FOREIGN INSTITUTIONAL INVESTORS must have heaved a sigh of relief after the recent Supreme Court ruling on their tax status. Though they have invested close to $20 billion in the decade since the market was opened up to them, the FIIs are widely perceived to have not had a successful time in India. Antiquated trading practices in the initial days, market manipulation, irrational exuberance and, of course, the steady decline in rupee's external parity all combined to erode steeply their portfolio values. And such of those which managed to last out the rough weather and generate a surplus, need no longer fear the taxman taking away a portion of their earnings.

The question before the Supreme Court was essentially two-fold: Whether these entities are at all resident in Mauritius in the sense of some active management control residing in that country to be eligible for the beneficial treatment under the tax treaty between the two countries and, second, even if the FIIs are to be regarded as notionally operating out of Mauritius, should they get a tax concession inasmuch as their incomes are anyway exempt by virtue of a specific provision under the local laws?

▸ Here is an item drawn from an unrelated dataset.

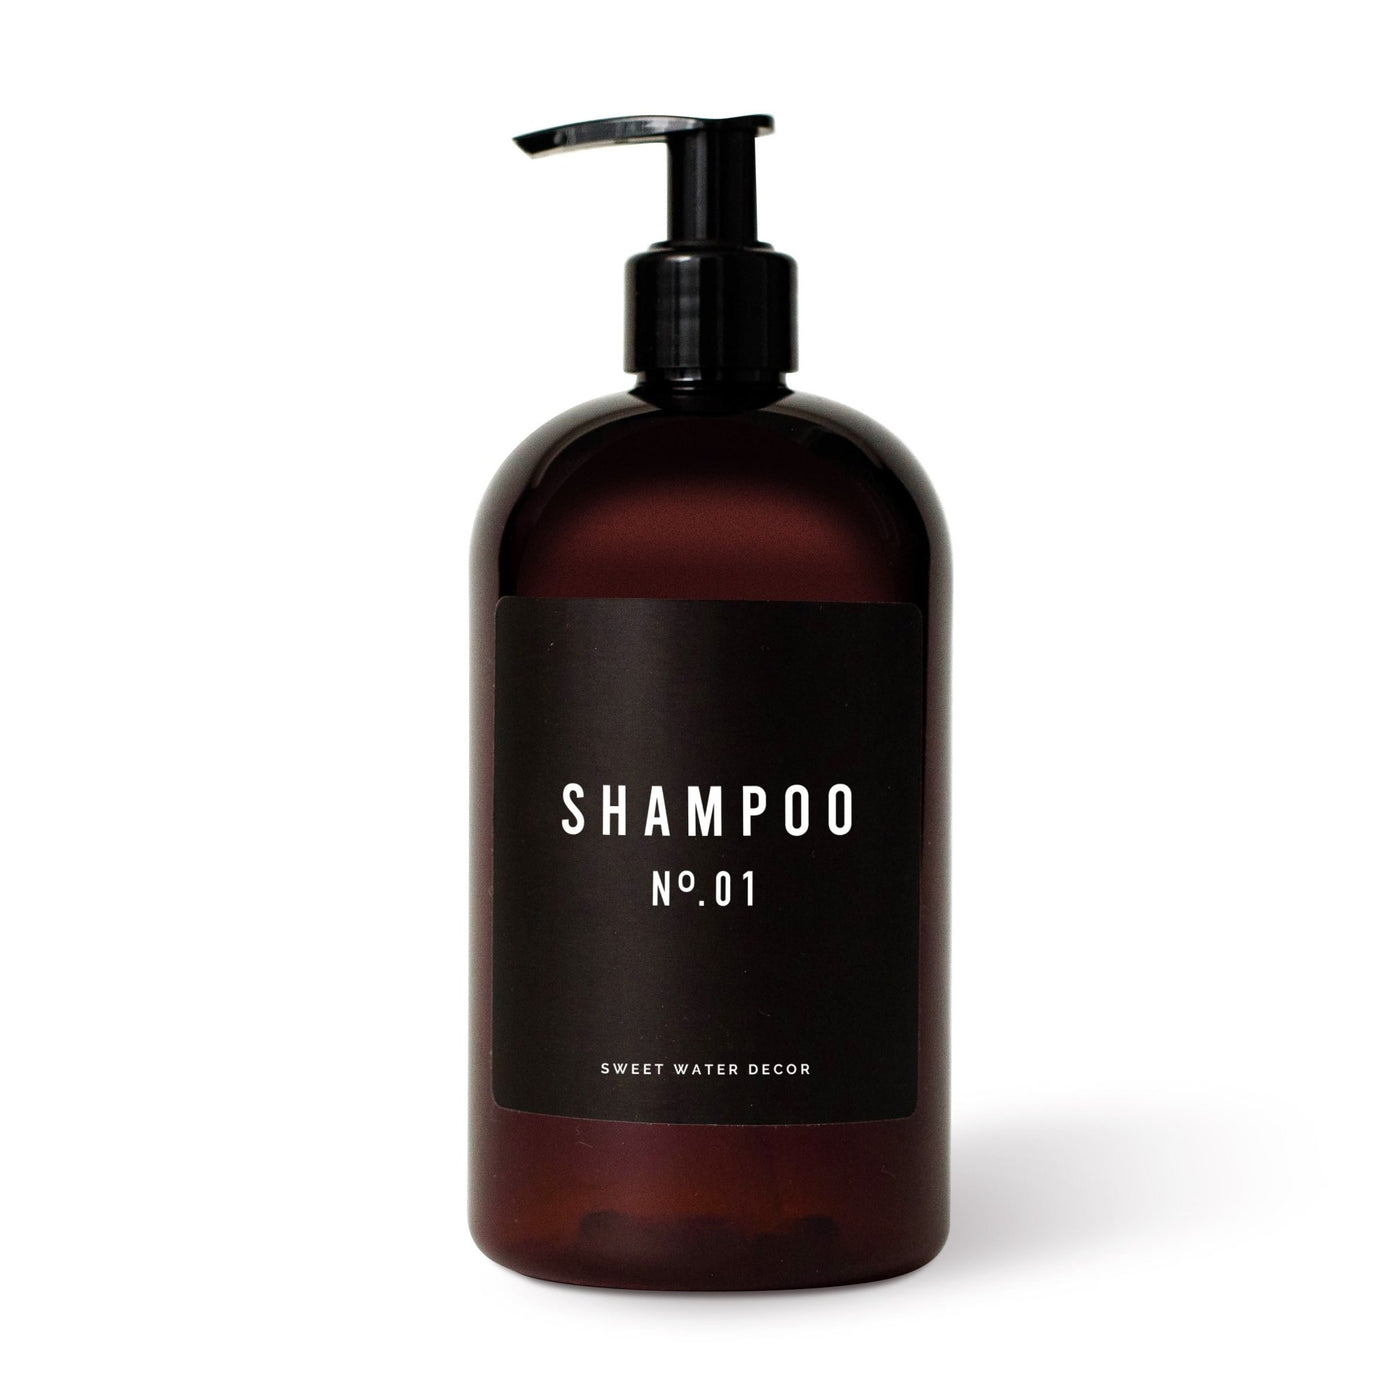 16oz Amber Plastic Shampoo Dispenser - Black Label - Sweet Water Decor - Dispensers

The spirit of a double-taxation avoidance treaty is that no entity ought to pay tax twice on a single source of income merely because the local laws demand it. But insofar as these FIIs have been saved the Mauritian taxation by virtue of a special exemption, there can be no argument of inequity if they were taxed under the Indian laws. The apex court, rightly choosing to confine its inquiry to the letter of the law, ruled that the agreement clearly stipulated tests of residency of an entity though there may be a suspicion that some of these outfits are mere nameplates in Mauritius, their real seat of control being elsewhere. Similarly, the court held that the agreement speaks only of a `liability to tax' as opposed to actual payment, thus rendering the second argument irrelevant for this purpose. If Parliament chooses to confer unfettered powers on the Executive or that the latter, on geo-political considerations or otherwise, enters into an agreement with Mauritius that does not secure its fiscal interests completely, it is for the Legislature to intervene. To expect the courts to step in, on what after all is in the realm of the Legislature, would amount to taking judicial activism to new high, which is clearly unwarranted.

The agreement with Mauritius was entered into at a time when the concept of portfolio investments by overseas entities was not part of the policy framework in India. Minus the portfolio investments, the scope for double taxation from traditional economic ties between the two nations is negligible. It is entirely conceivable that the agreement suffered from a certain amount of loose drafting or deliberate vagueness as a concession to bilateral sentiment. It is for civil society to create the environment for the political establishment to institute policy changes.